ABSTRACT

It is often assumed that it is a well established principle in English law that consent (in the sense of assent or agreement) needs to be obtained before an adult, mentally competent patient can be lawfully treated by a doctor or health professional. Indeed, it is a commonplace that textbooks on medical law, family law and tort law often begin expositions of the law relating to consent with a reference or quotation from the 1914 American case decided by Cardozo J wherein he said: ‘Every human being of adult years and sound mind has a right to determine what shall be done with his own body …’ (see Schloendorff v Society of New York Hospital, 105 NE 92 9 (NY, 1914)).
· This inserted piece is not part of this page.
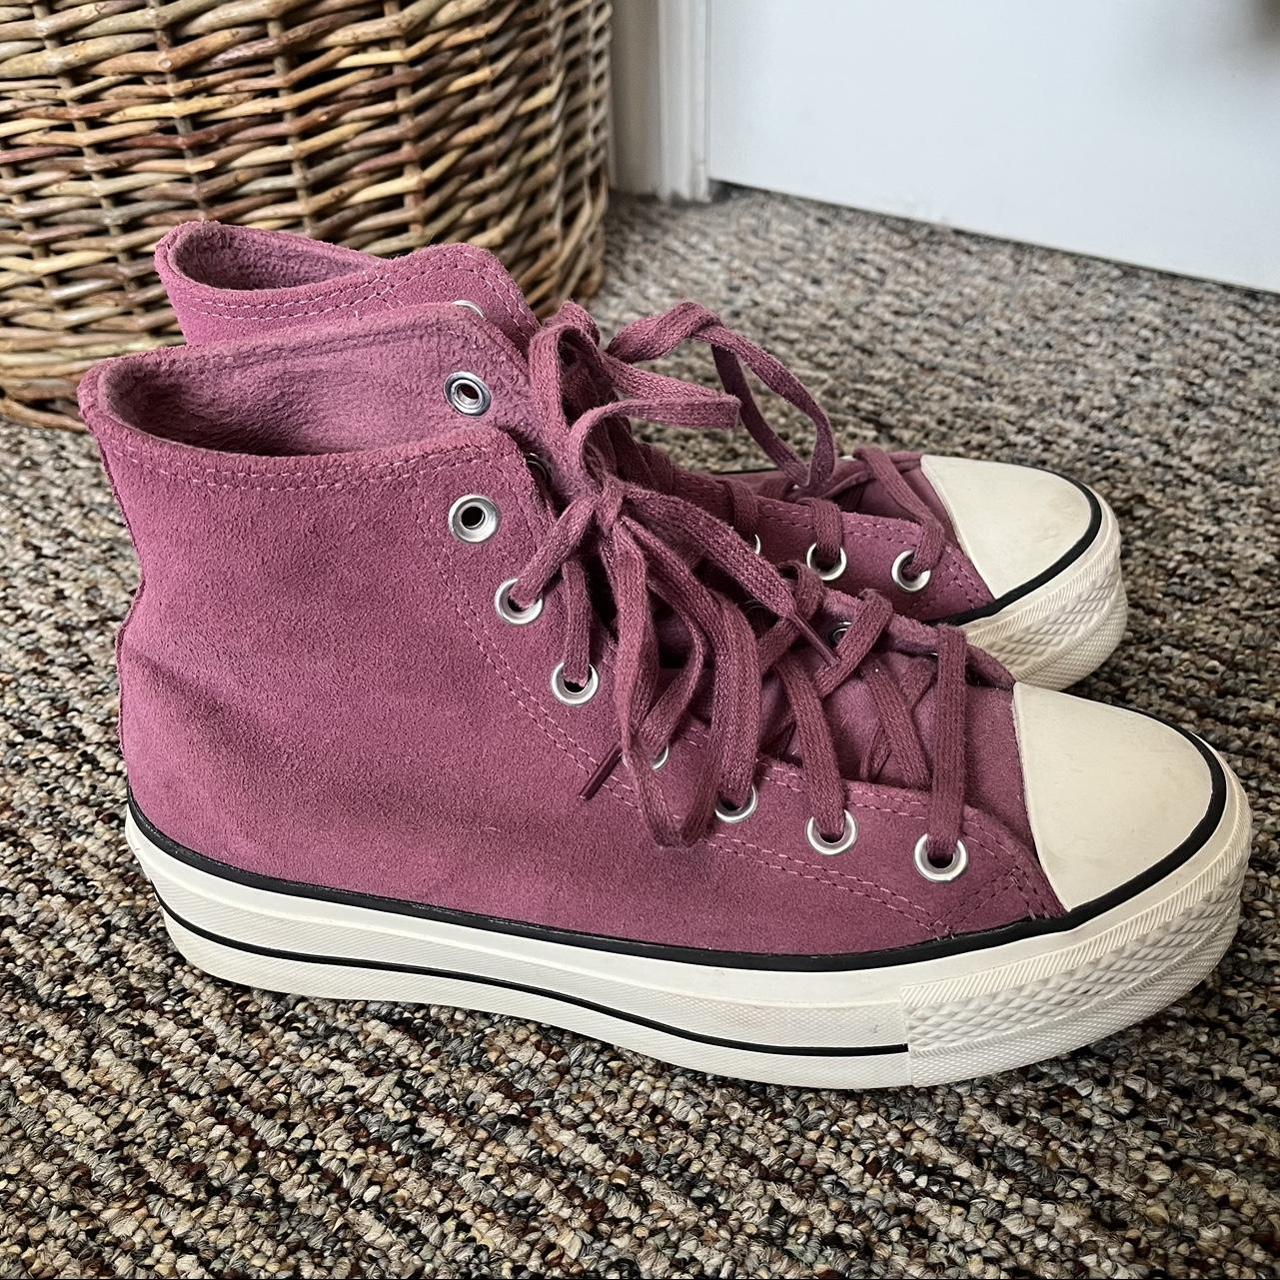 Converse Women's Pink and Burgundy Trainers | Depop
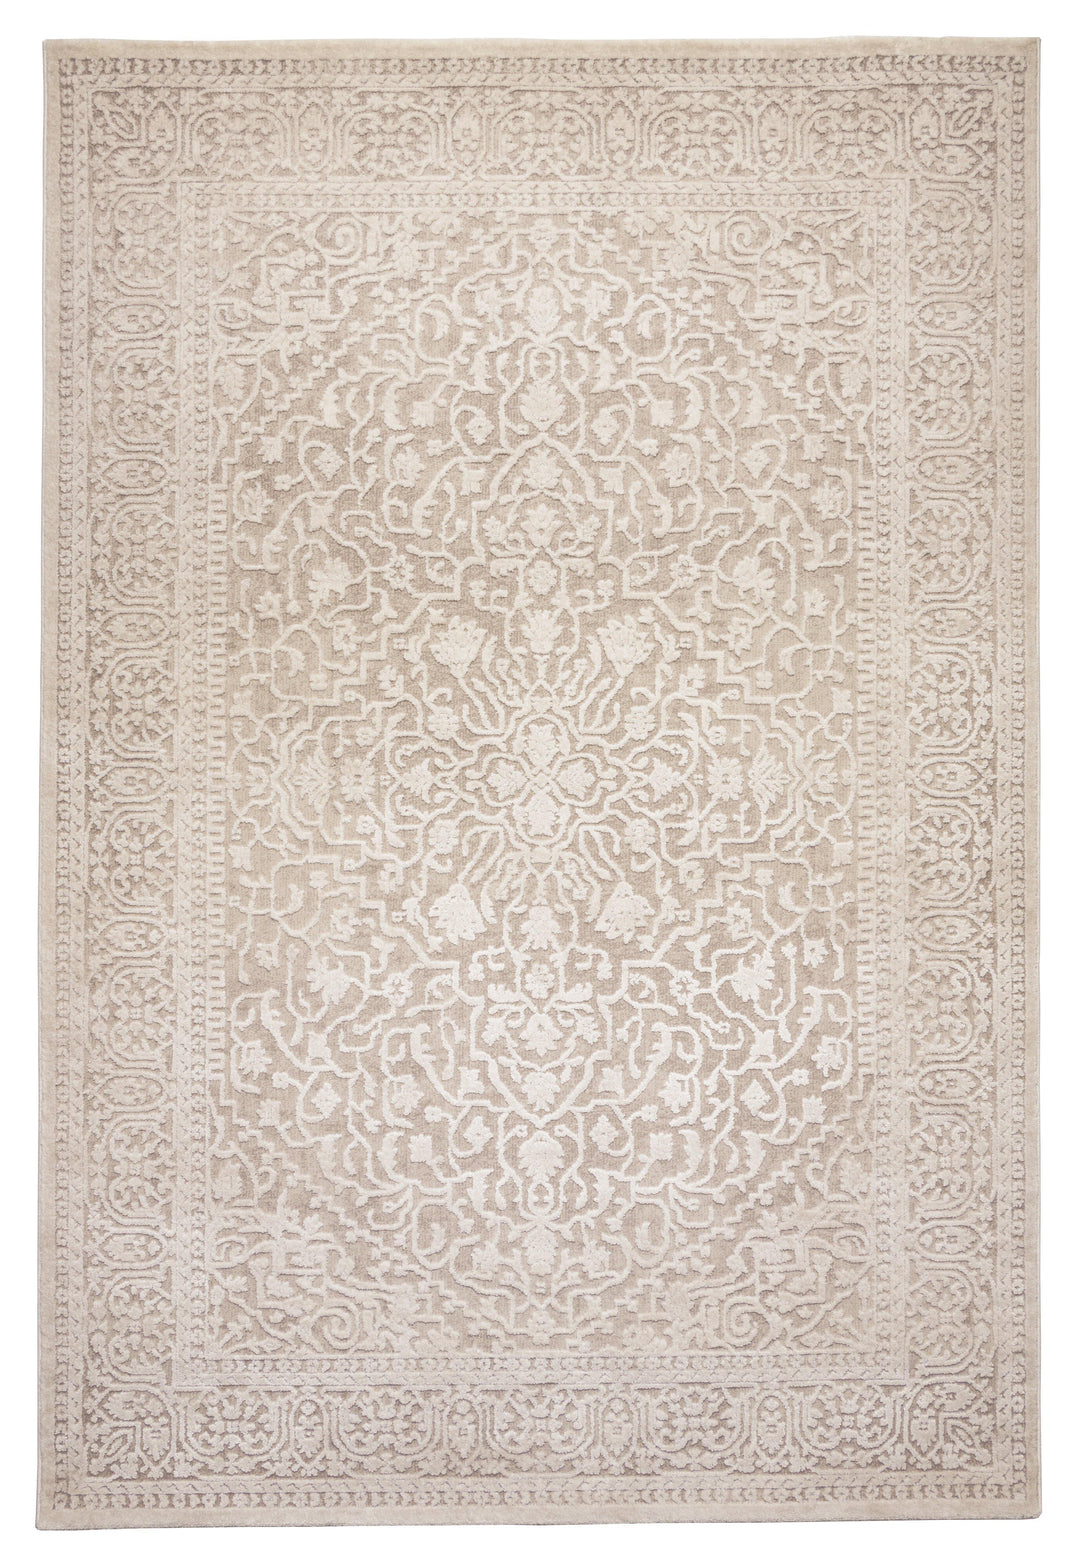 Carpets and Rugs: Buy Rugs Online at Best Prices Starting from Rs 338

This case is often seen as heralding the development of the doctrine of ‘informed consent’ in the USA, although the seeds of the doctrine properly so called were sown in the USA from around 1957 in Salgo v Leland Stanford Jr University Board of Trustees, 154 Cal App 2d 560, 317 P 2d 170 (1957) (for a full discussion of the American developments, see Chapter 10 of this book). But, as far as the English rules on judicial precedent are concerned, Schloendorff is an American case and is, therefore, not binding on English courts and remains only of ‘persuasive’ authority, although it is still cited frequently in many textbooks on English medical law. So, how has the notion or version of ‘informed consent’ to medical treatment become part of English law?